In North Carolina, memory is politics. I’ve learned this over the past three years organizing with a coalition of North Carolinians working toward the creation of lynching memorials in Wake County. I’ve seen it in the concerted effort of our Republican state legislature to safeguard the Lost Cause narrative through a vast network of legal protections for Confederate statues. I’ve felt its power, standing beside these monuments as I taught the history behind their production, and as they were torn down before my eyes in the heat of a racial justice-fueled summer.

Our Republican legislature understands the power of memory. Like many states, North Carolina’s GOP-dominated General Assembly is pushing through legislation to reshape the narrative of history taught to students. A recent bill introduced by our Republican legislators would make it illegal to teach “the belief that the United States is a meritocracy is an inherently racist or sexist belief, or that the United States was created by members of a particular race or sex for the purpose of oppressing members of another race or sex.” The GOP in North Carolina understands that teaching a whitewashed version of our racial past produces the politics of our future.

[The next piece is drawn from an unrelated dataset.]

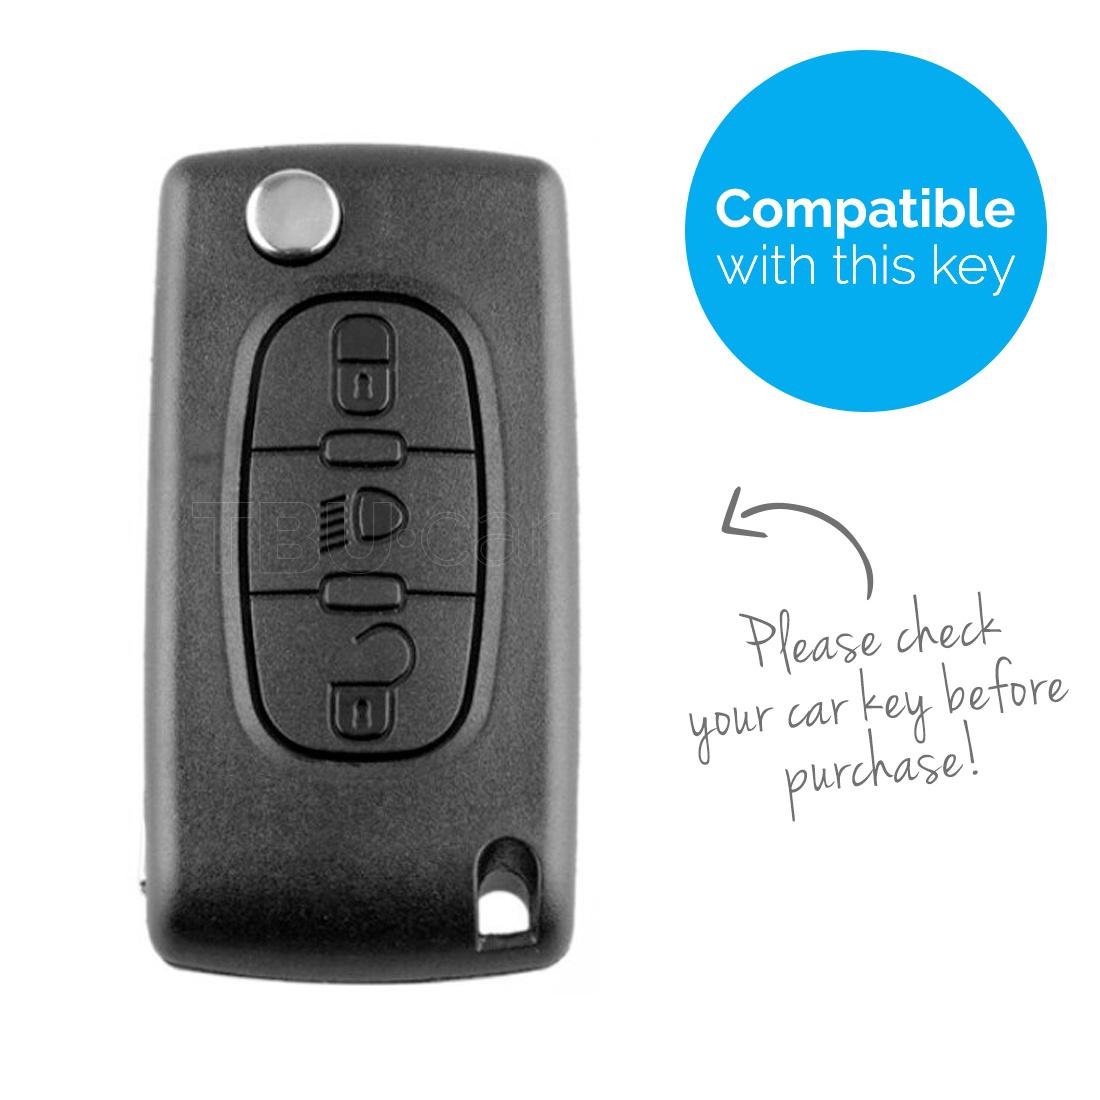 TBU car Autoschlüssel Hülle für Peugeot 3 Tasten (Licht Taste) - Schutzhülle aus Silikon - Auto Schlüsselhülle Cover in Lindgrün

Public memory is cultivated, and so is forgetfulness. Because of this, memory is an admission to the past that is woven into our formation as a public. Public monuments to racial violence like the Atlantic slave trade “make the perpetrators visible,” Ana Arujo reminds us. Public space is claimed by memory, often with accompanying political demands. For white people, the historic beneficiaries of racial violence, we too are remembered in public.

Being remembered honestly is the fear behind the conservative push to eradicate the history of racial terror in the United States. For the board of trustees at UNC-Chapel Hill, Hannah-Jones is a living memorial: She is a journalist who will tell us what happened, who holds up memory, and urges us not to look away. The conservative backlash against her signature work, The New York Times' long-form 1619 Project, reminds us of the power of her presence in a Southern institution, marred by the politics of intentioned forgetfulness.

One of the most stunning and lasting sections of the 1619 Project is a photo essay by photographer Dannielle Bowman and writer Anne C. Bailey. One picture shows an empty lot, cracked and stained with age, abutting a plain brick building. Power lines hover at the top of the frame. Here at the corner of Pine and Fifth Streets in Macon, Ga., the slave trader John Jossey organized the sale of enslaved people. Like many former sites of the slave trade, the place is unmarked. In Bowman's photographs, this place, and the people whose lives were torn apart here, are remembered.

What do we choose to remember? How do we remember it in public? James Baldwin, reflecting on the Atlantic slave trade writes, “the crime is not the most important thing here. What makes our situation so serious is that we have spent so many generations pretending that it did not happen.” In North Carolina, as in many states, we are deep in a battle for public memory.